Cool thanks Charst. 

I'm going to have a crack at adapting this for BIAB stovetop.


----------



## sim (28/10/11)

bullsneck said:


> Going to have a few tonight.



so how'd it go bullsneck? ...or did it finish you off?!


----------



## bullsneck (28/10/11)

Time in the keg has done it wonders. I'd probably do it again, but bitter a little more if using English hops.
It has a slight sweetness to it which throws it a little off balance.


----------



## chadjaja (2/11/11)

Anyone using midnight wheat in their black IPA's? Brewing one up tomorrow and just starting to have a think about how much to add. Will add a touch of choc malt but not enough to impart too much of a roasted flavour.


----------



## 2much2spend (2/11/11)

chadjaja said:


> Anyone using midnight wheat in their black IPA's? Brewing one up tomorrow and just starting to have a think about how much to add. Will add a touch of choc malt but not enough to impart too much of a roasted flavour.
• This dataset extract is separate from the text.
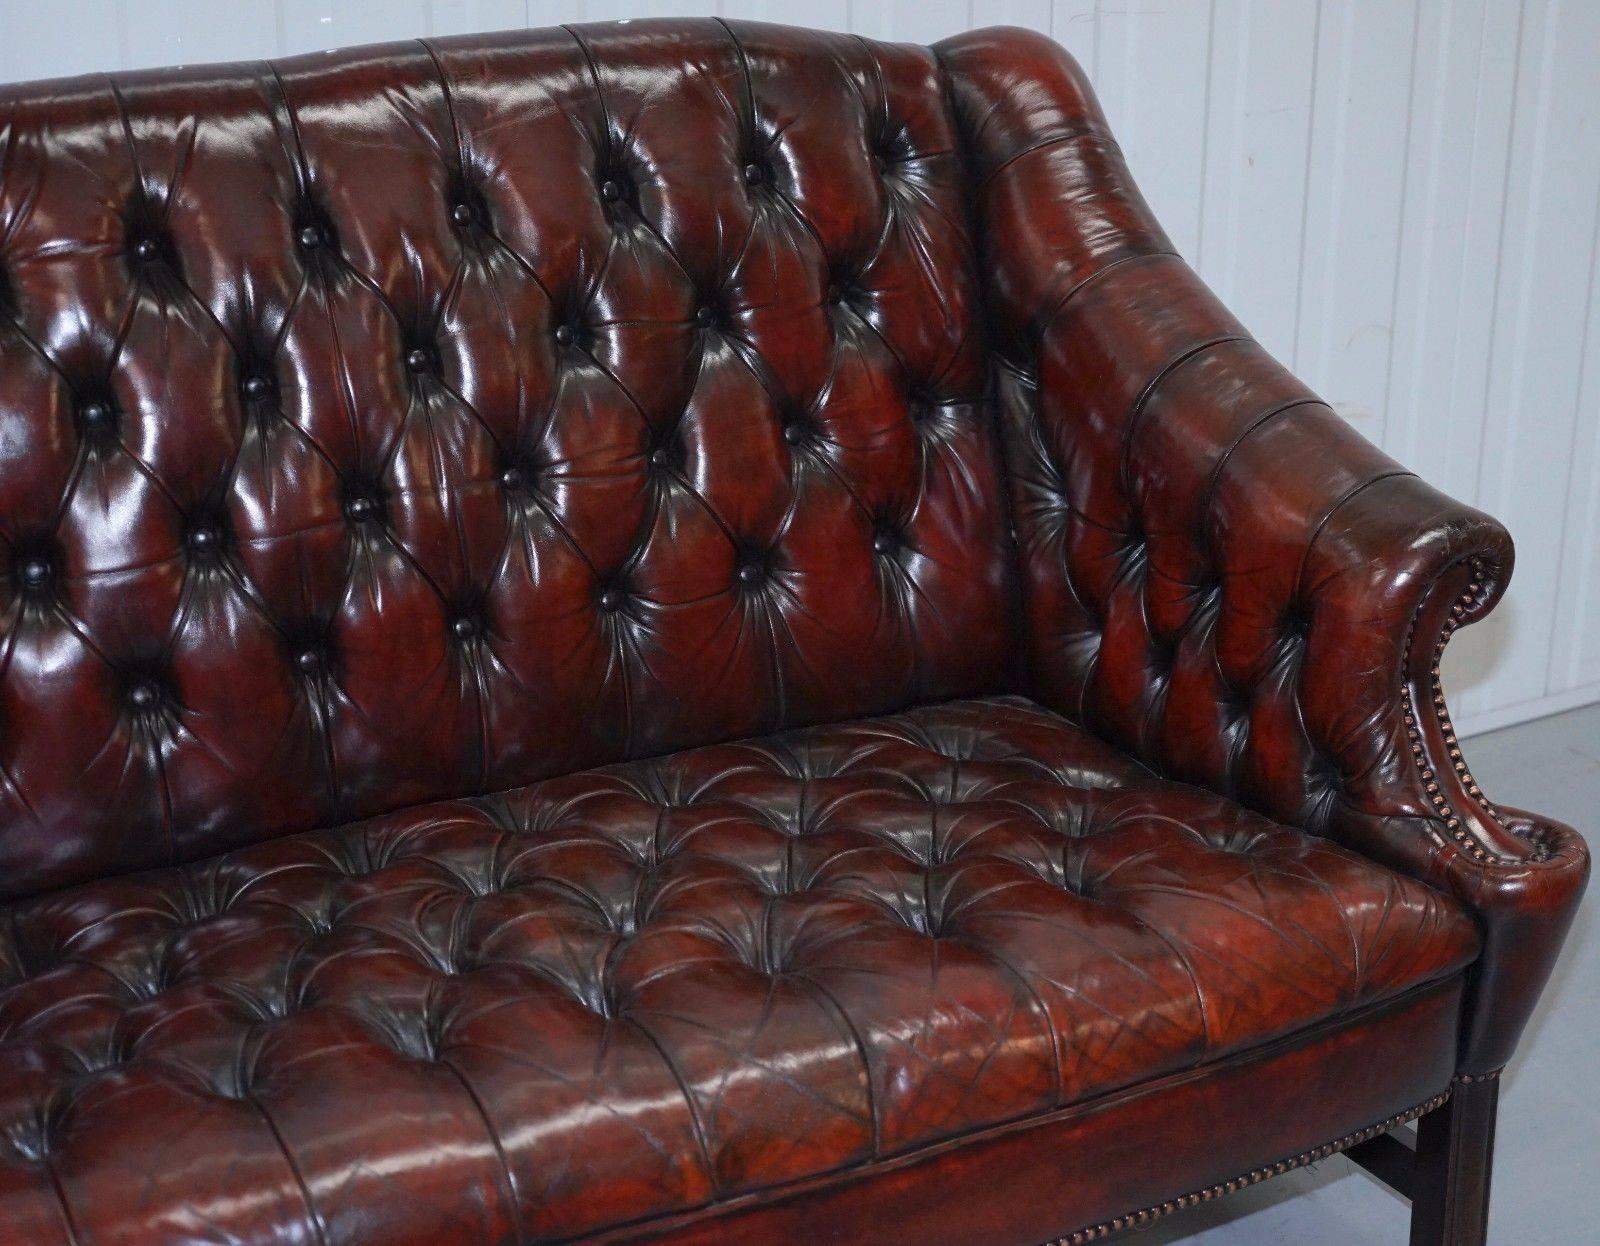 Hand-Carved Top to Bottom Restored Regency Styled Chesterfield Two-Seater Club Bench

yeah i did to the 62 black ipa. made it reel dark but not quite black
dont worry about the flavour the 62 bIPA is very coffee chocolatetie :drinks:


----------



## Aces High (30/11/11)

BreathingHeat said:


> Alright guys, I'm finally brewing my Black IPA this Sunday (BIAB). Anyone see any glaring errors in my recipe? Suggestions appreciated.
> 
> Black IPA
> 
> ...



Sorry to resurrect an old thread here, but I have a mate that wants me to brew him a Black IPA. I've never brewed a black or something this high OG, so its all new to me. 

A couple of recipes in this thread have water additions like gypsum, chalk etc. Is this just to do with the water they are using (eg distilled or tank water) or is there some reason why you need to add them to a black IPA? 

I've never needed to add any additions to my water previously


----------



## seamad (30/11/11)

Without opening the water additions can o worms if you haven't in the past don't bother.
Made this myself ( on tap atm) good drop. I add water additions measure pH etc. Will turn out fine without


----------



## chadjaja (30/11/11)

Made mine without any water additions and its fine also...too good in fact and I should ration myself LOL


----------



## TheBlackAdder (21/9/15)

Little bit of a thread necro....

Put up this recipe because I tried the beer at a pub and absolutely love it

I cant remember exactly but OG was about 1.060 and FG ~ 1.011

Great colour but damn it has a hop kick from what I tried while bottling. Way more bitter than Karma Citra - not sure how drinkable it will be.
Hopefully (cos I was sort of tasting the dregs) I just got a mouthful of hop pellets and it will mellow out in the bottle

I made it as a wedding gift...so I bloody hope it mellows out lol


----------